RECORDS SHOWN ::
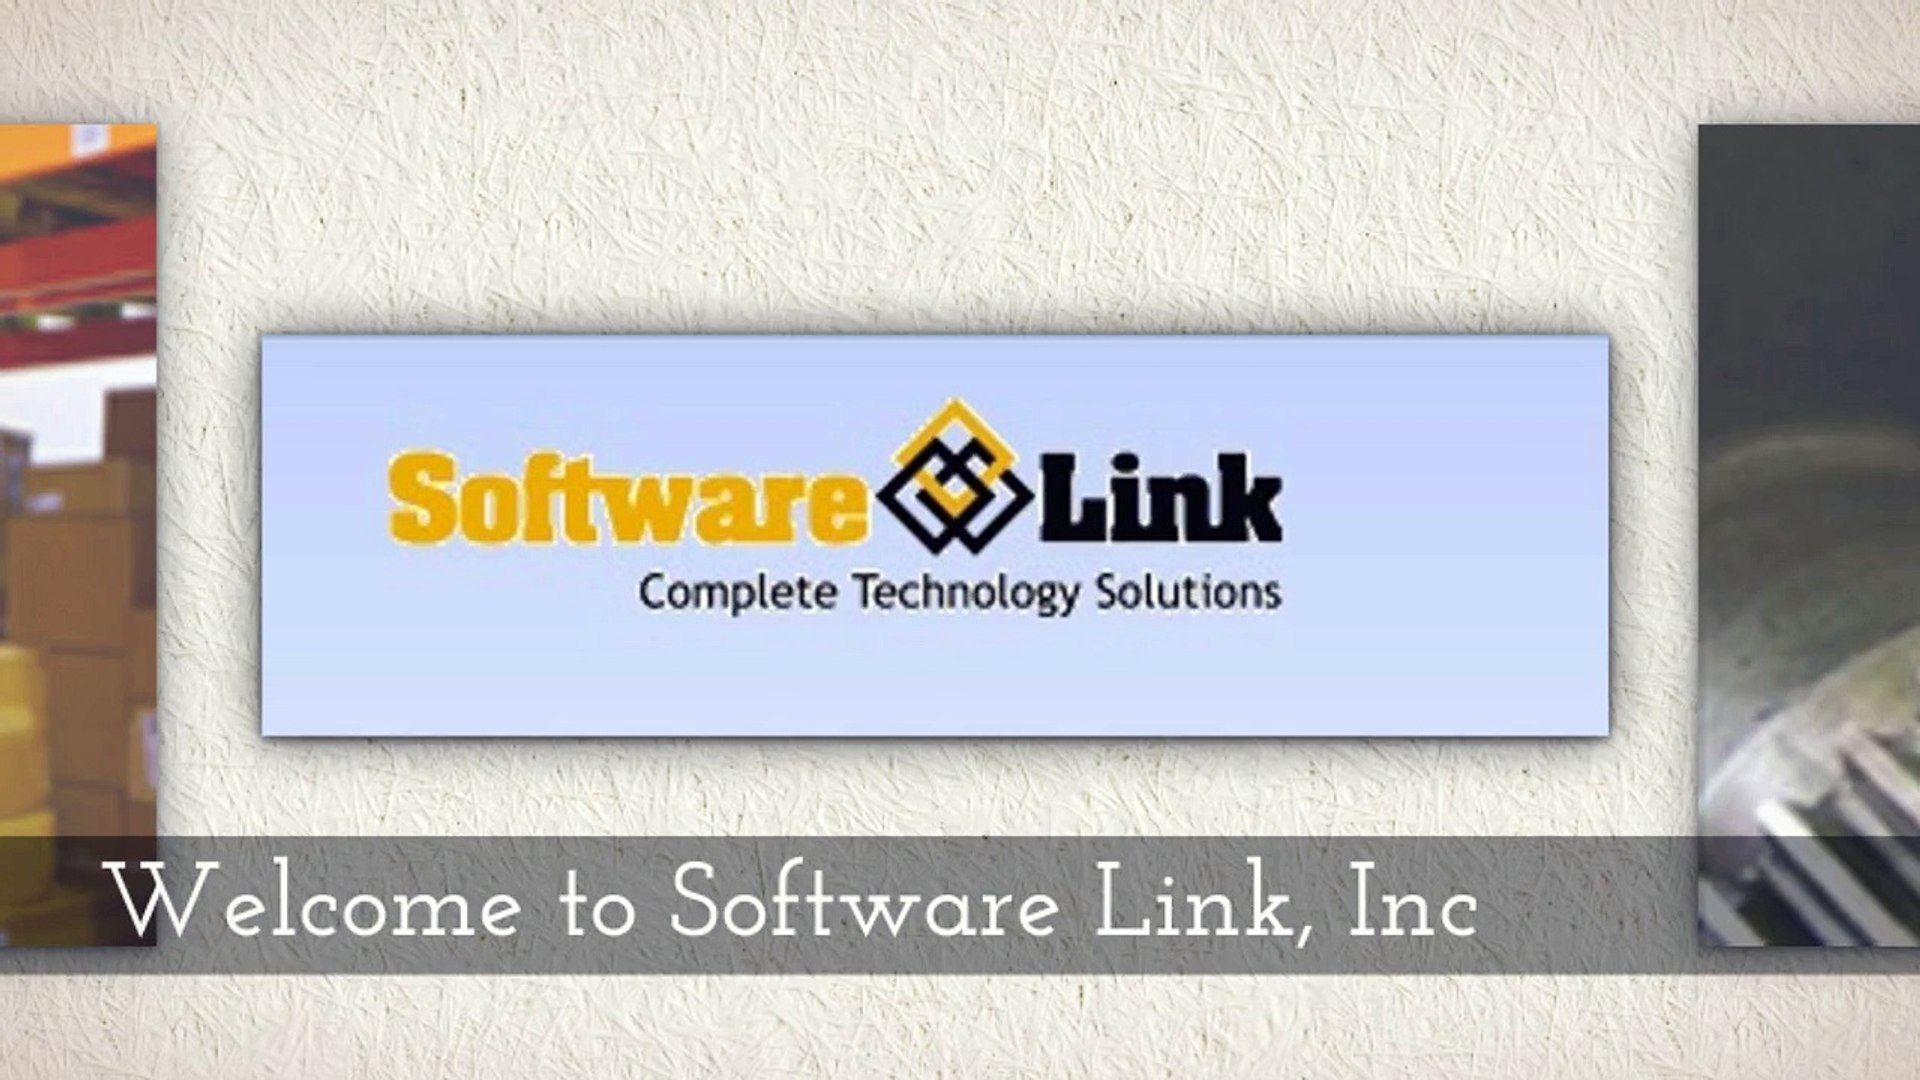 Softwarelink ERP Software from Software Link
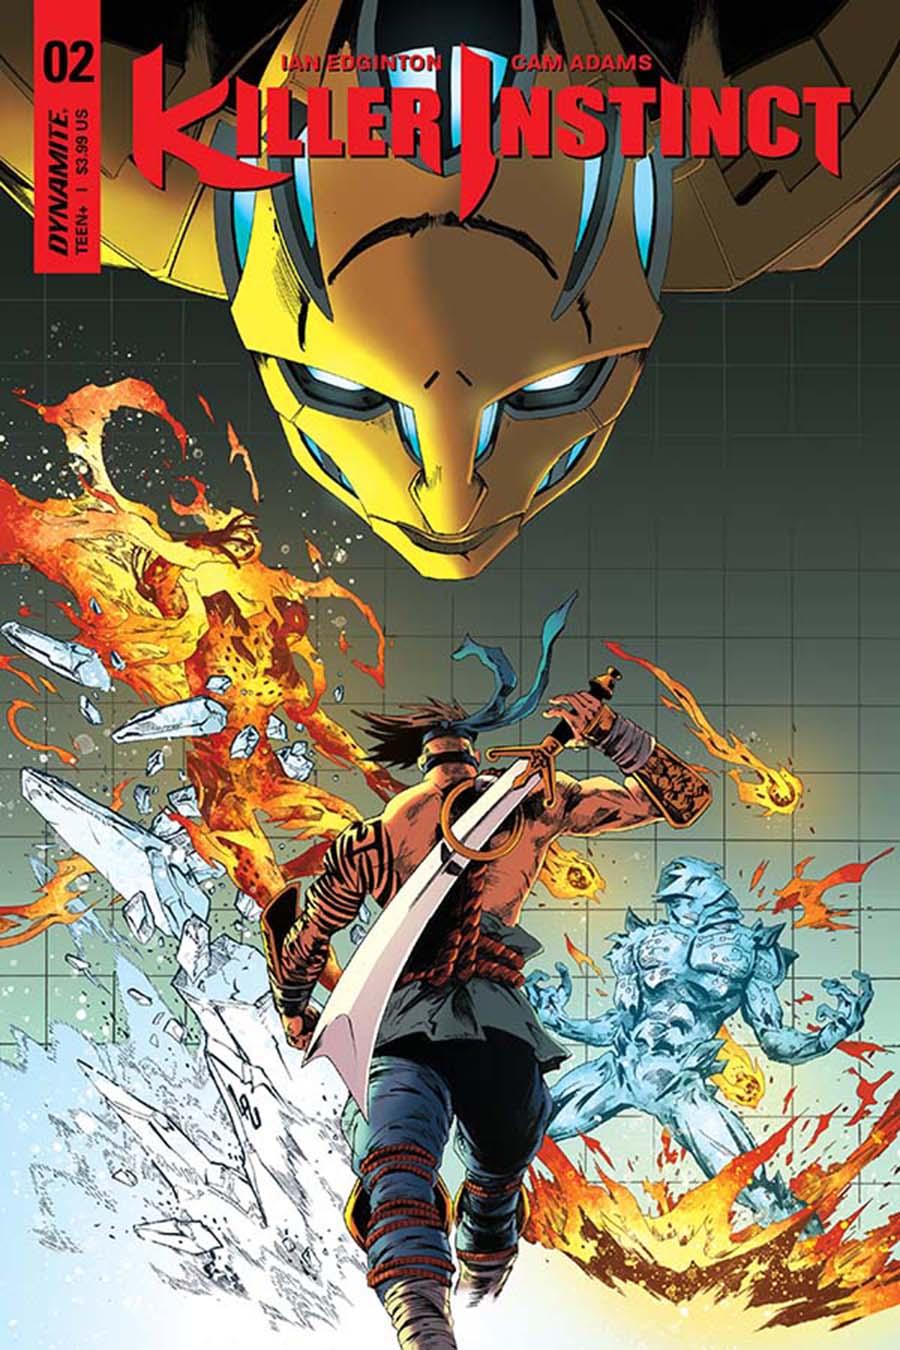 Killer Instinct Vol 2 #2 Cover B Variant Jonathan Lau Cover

--

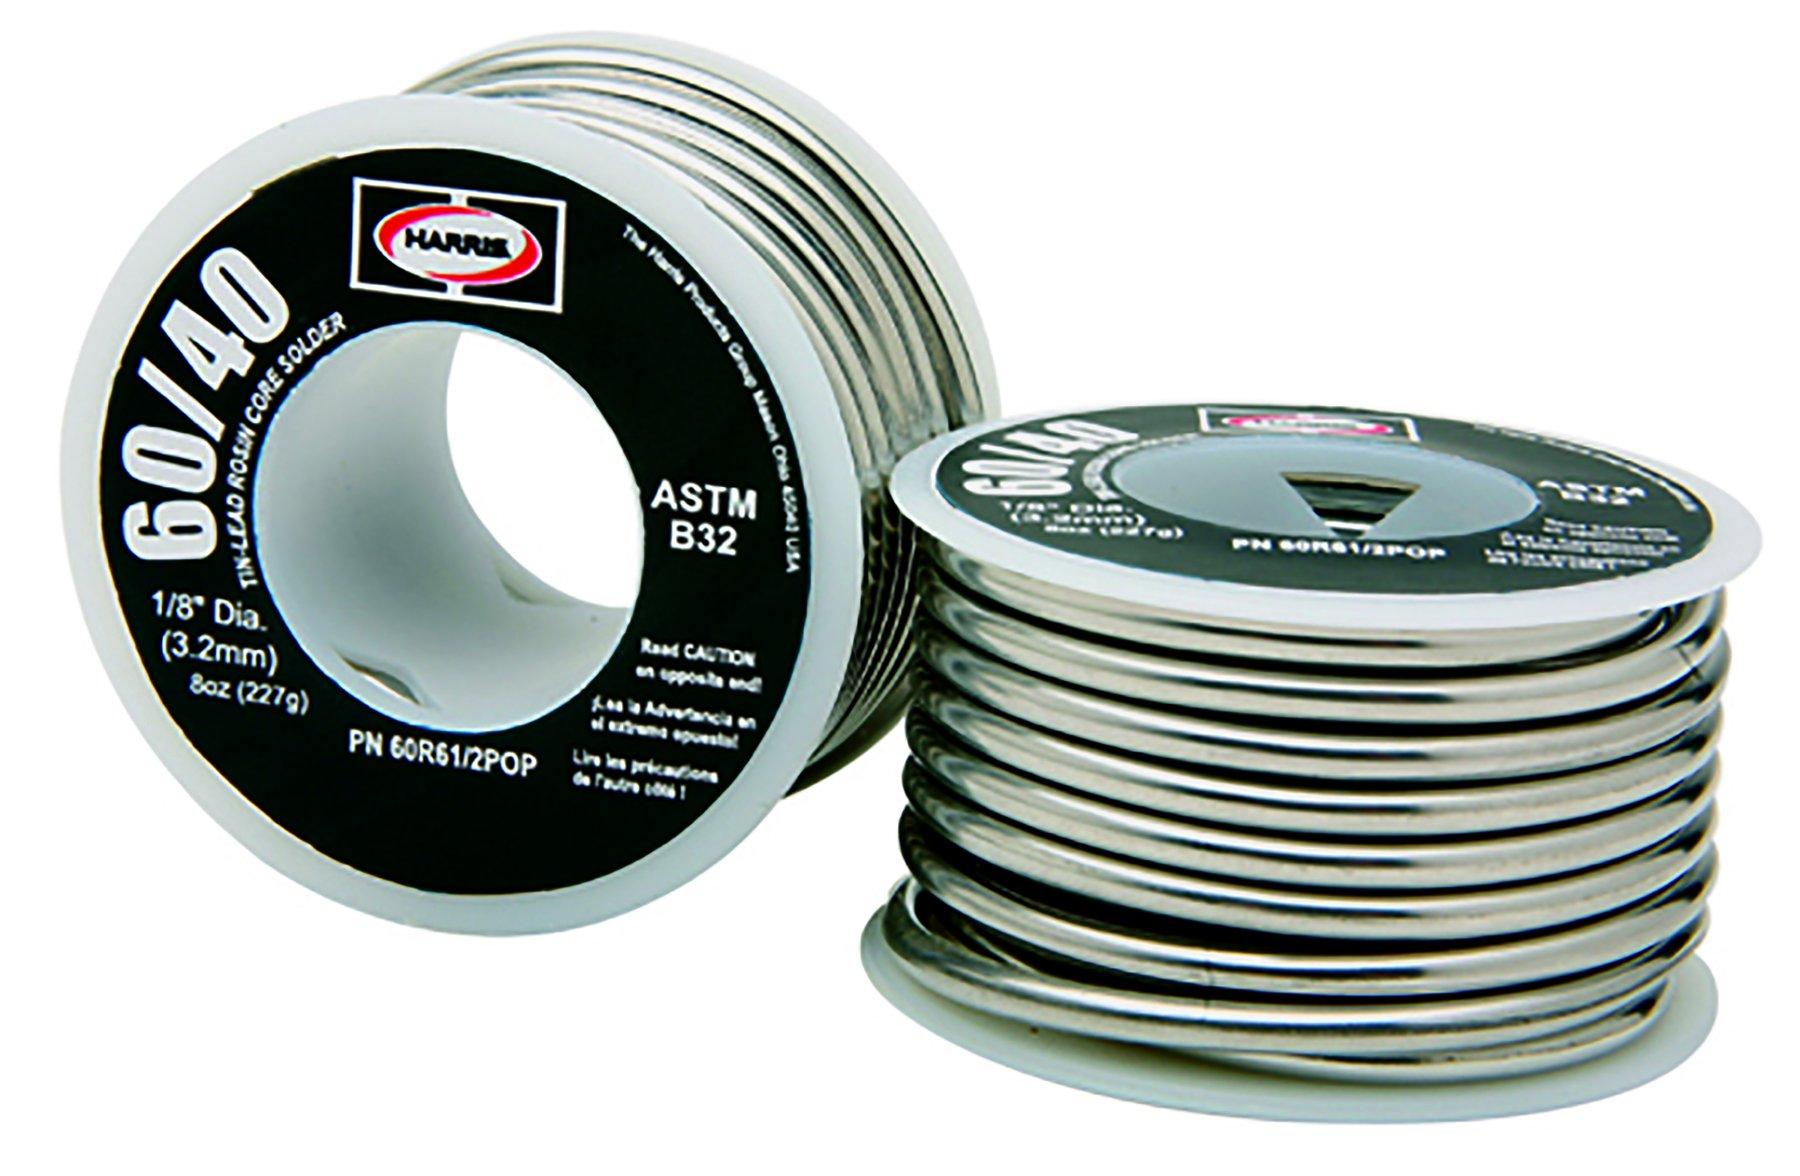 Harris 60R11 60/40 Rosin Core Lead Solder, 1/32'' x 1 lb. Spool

TASK PROMPT :: Copy only what lies between the line with "Softwarelink ERP Software from Software Link" and the line with "Killer Instinct Vol", those two lines included, exactly as given above; pictures stay out.

EXERCISE RESULT ::
 Softwarelink ERP Software from Software Link
 Killer Instinct Vol 2 #2 Cover B Variant Jonathan Lau Cover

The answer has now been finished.